- [Dataset content]:
"""

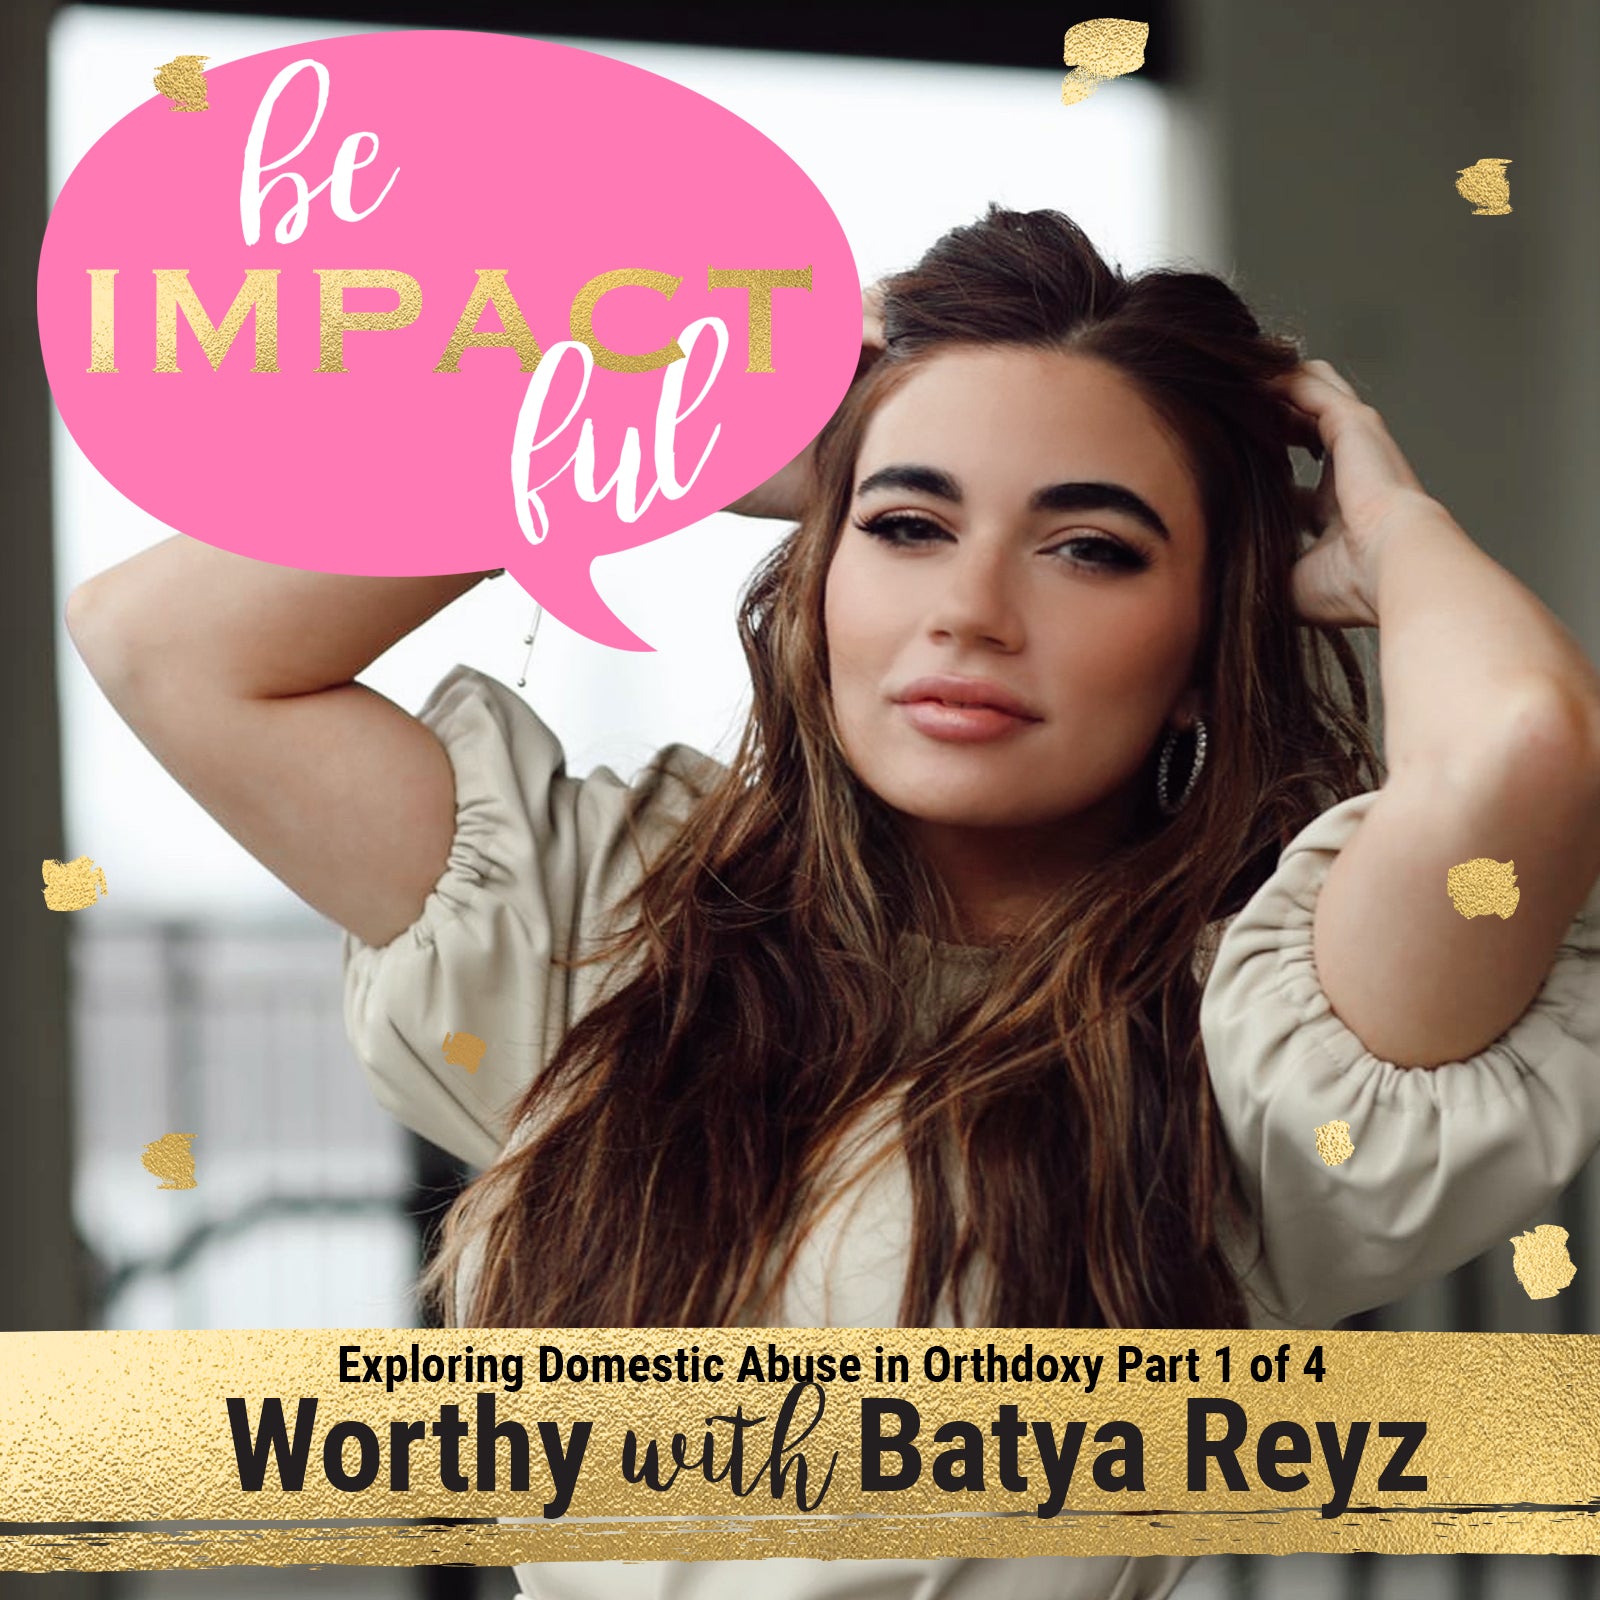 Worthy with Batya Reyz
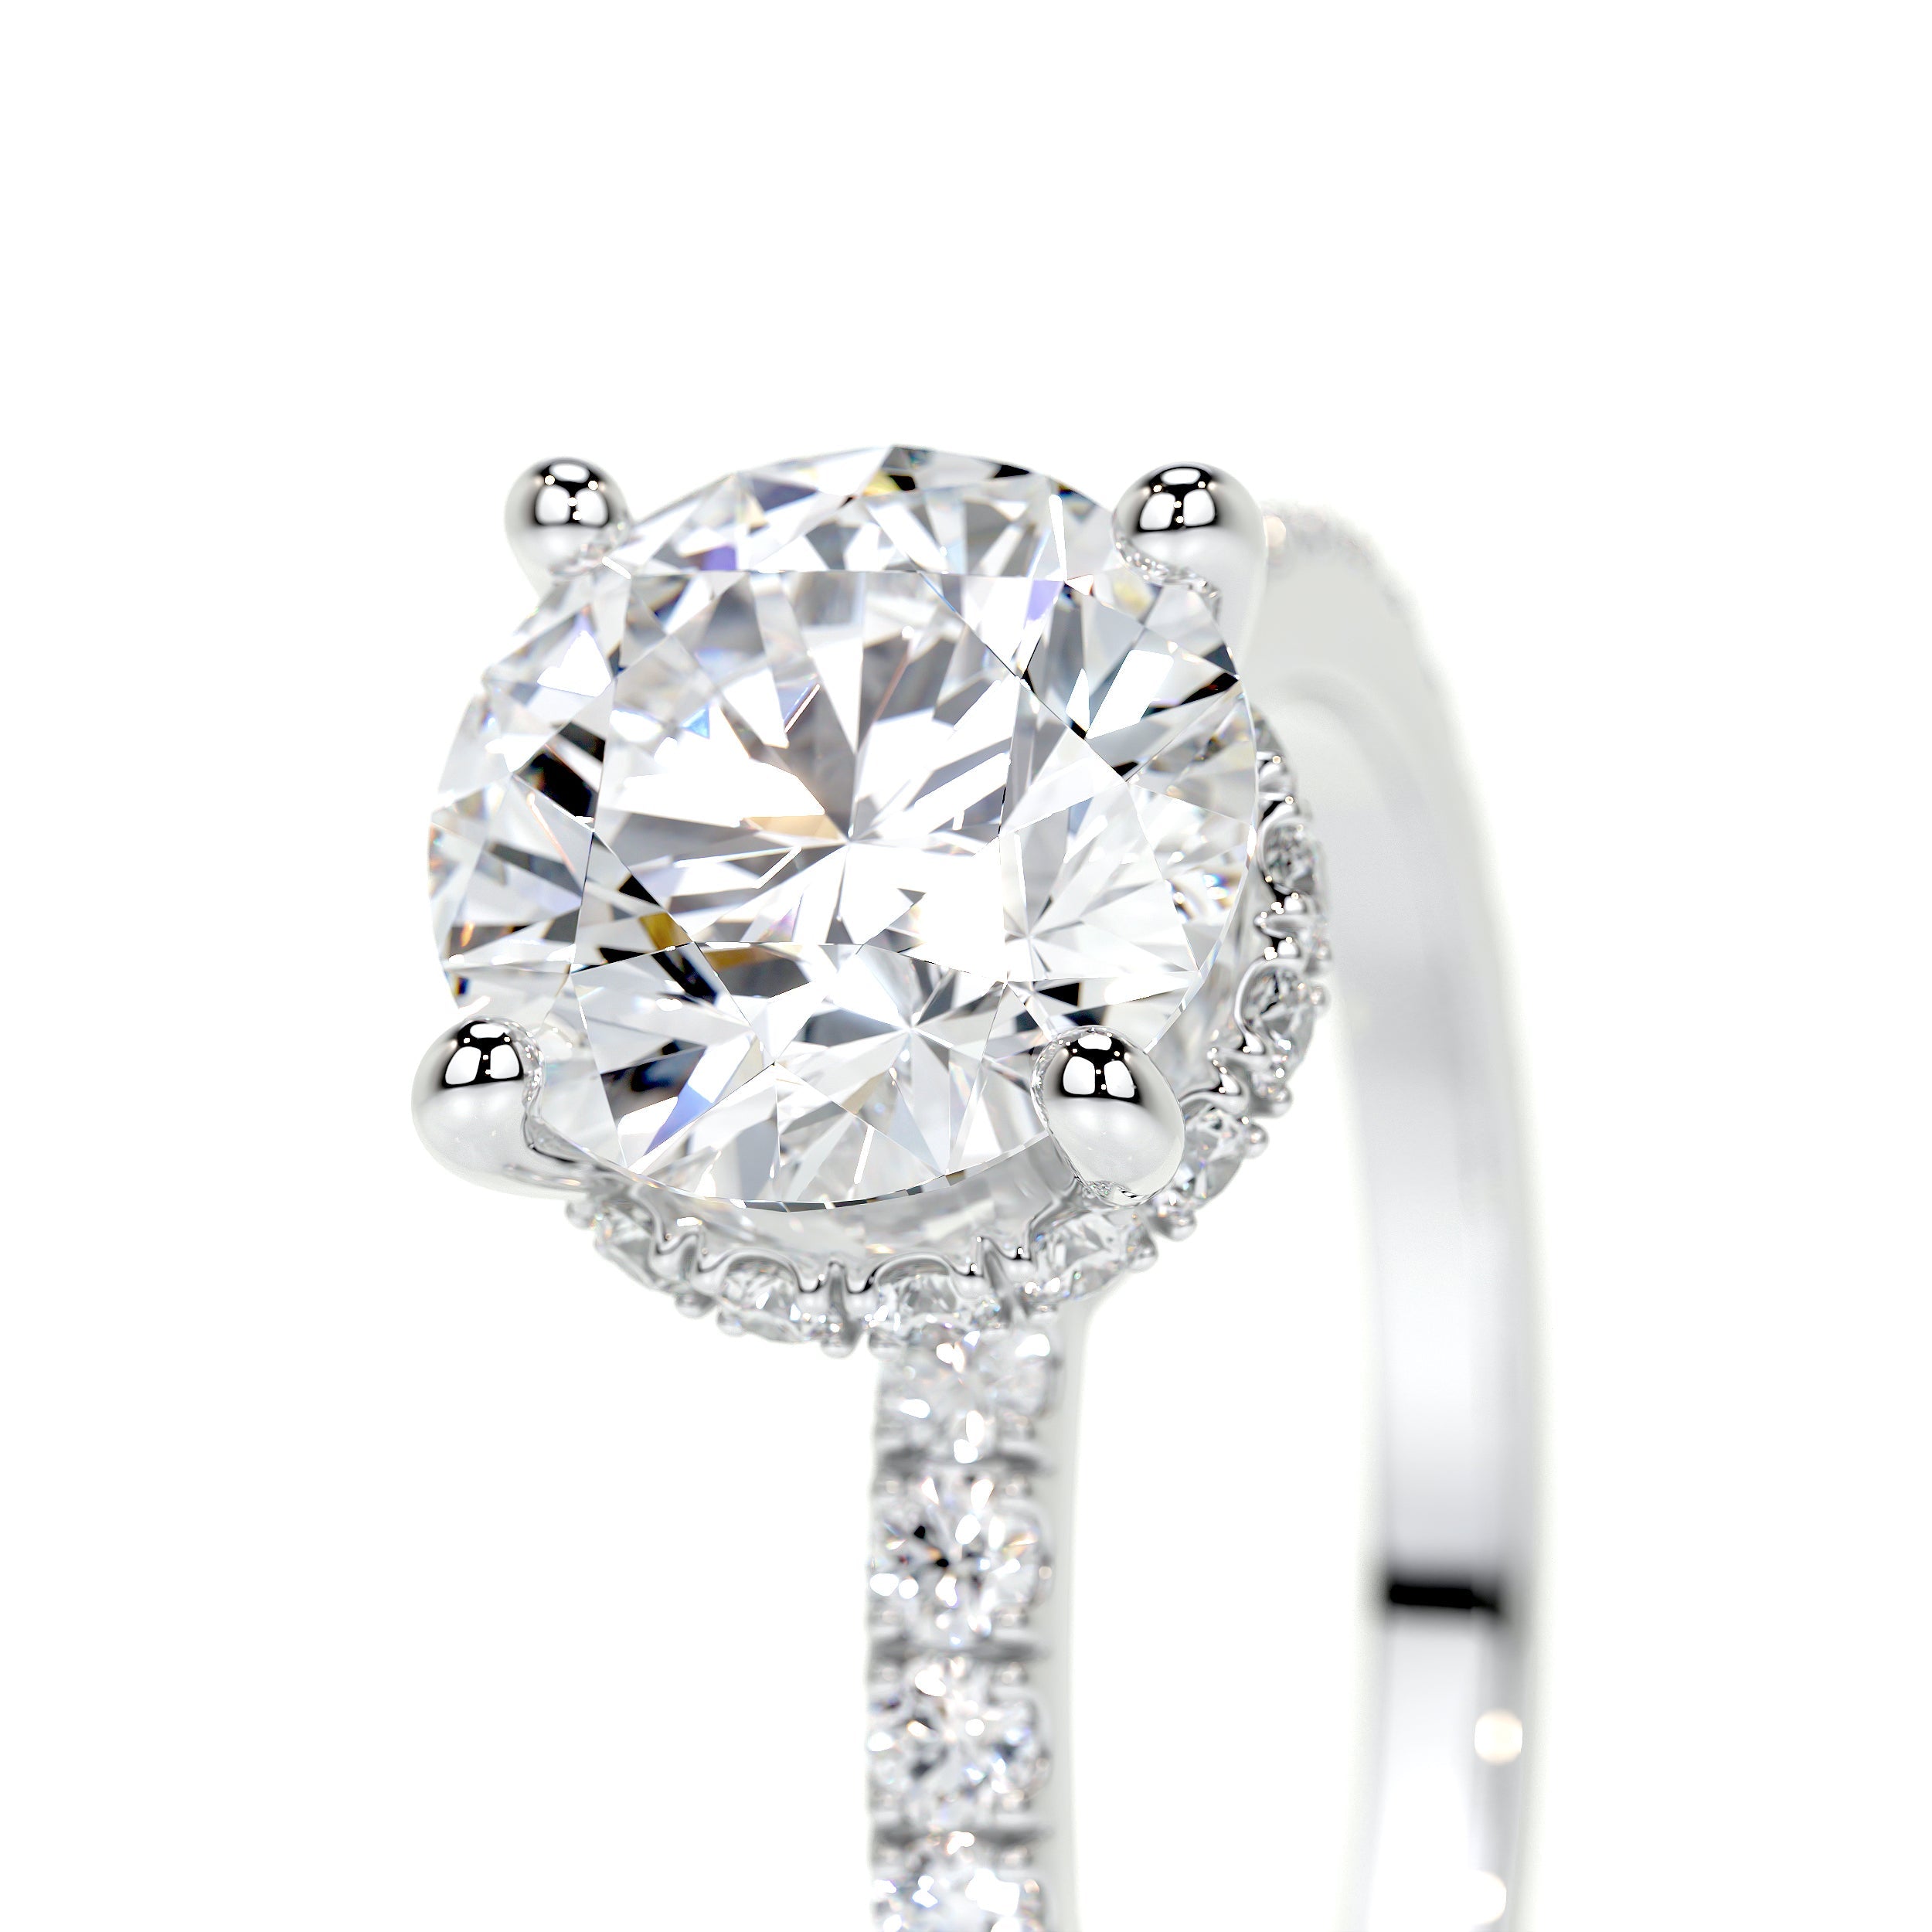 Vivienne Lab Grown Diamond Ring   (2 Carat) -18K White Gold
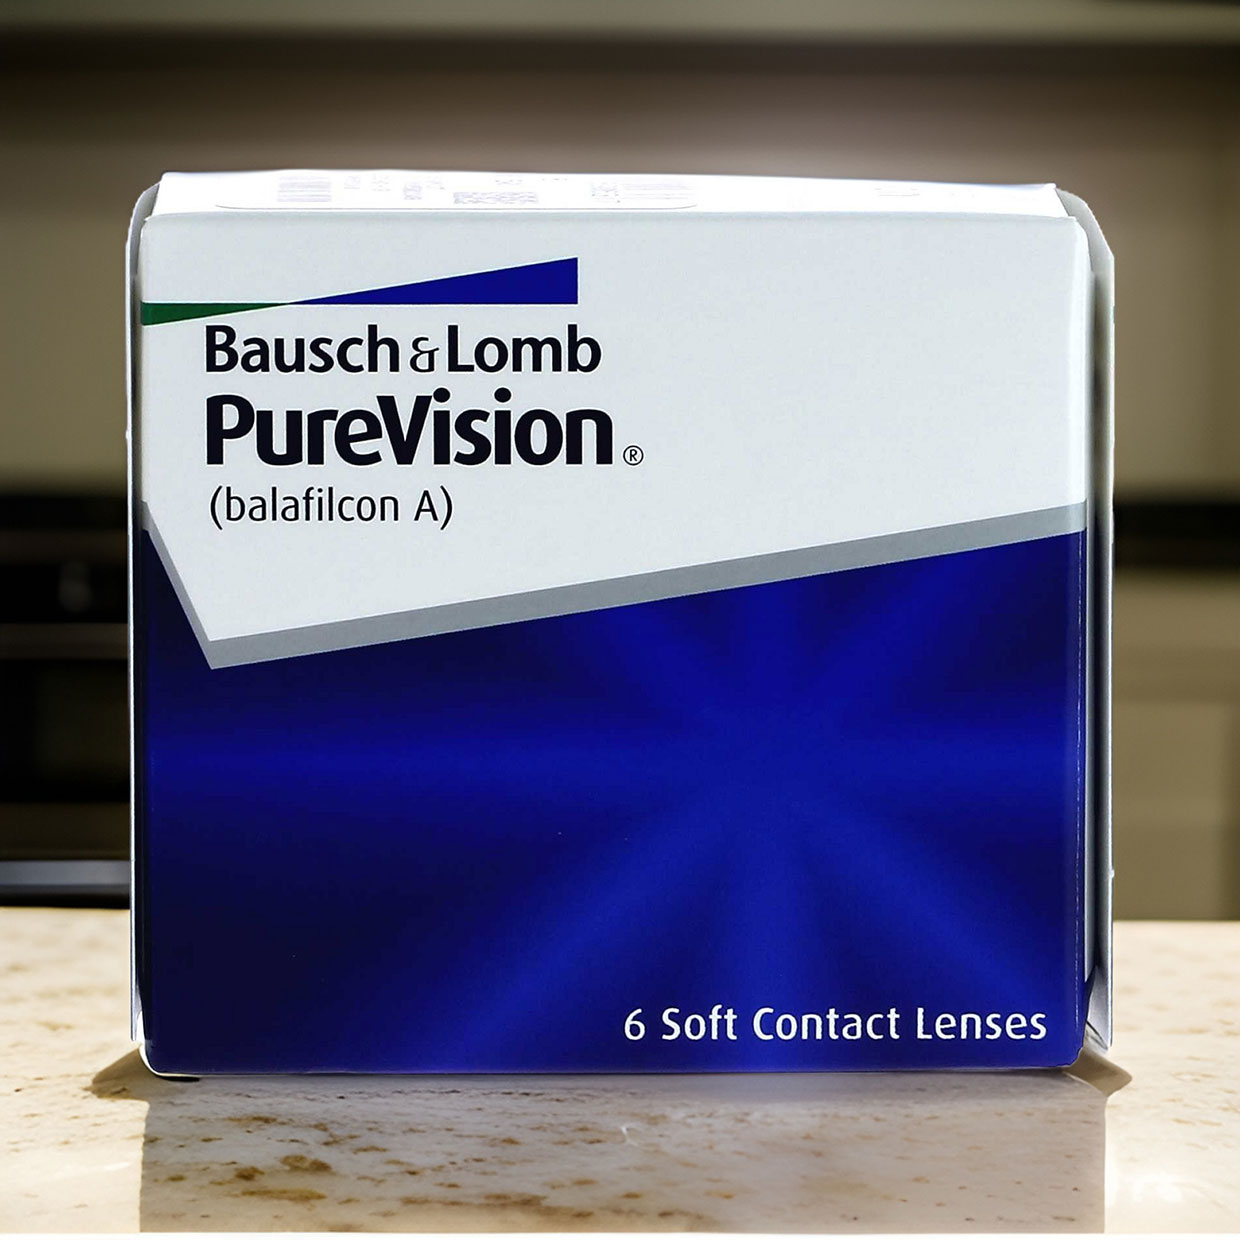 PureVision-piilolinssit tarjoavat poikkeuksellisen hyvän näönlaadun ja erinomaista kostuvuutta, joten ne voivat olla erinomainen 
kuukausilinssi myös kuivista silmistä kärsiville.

"""

- [Directions]: All that belongs in the answer is the exact run of lines from the line containing "Vivienne Lab Grown" to the end of the listing above, pictures removed.

- [The completed task]:
 Vivienne Lab Grown Diamond Ring   (2 Carat) -18K White Gold
 PureVision-piilolinssit tarjoavat poikkeuksellisen hyvän näönlaadun ja erinomaista kostuvuutta, joten ne voivat olla erinomainen 
kuukausilinssi myös kuivista silmistä kärsiville.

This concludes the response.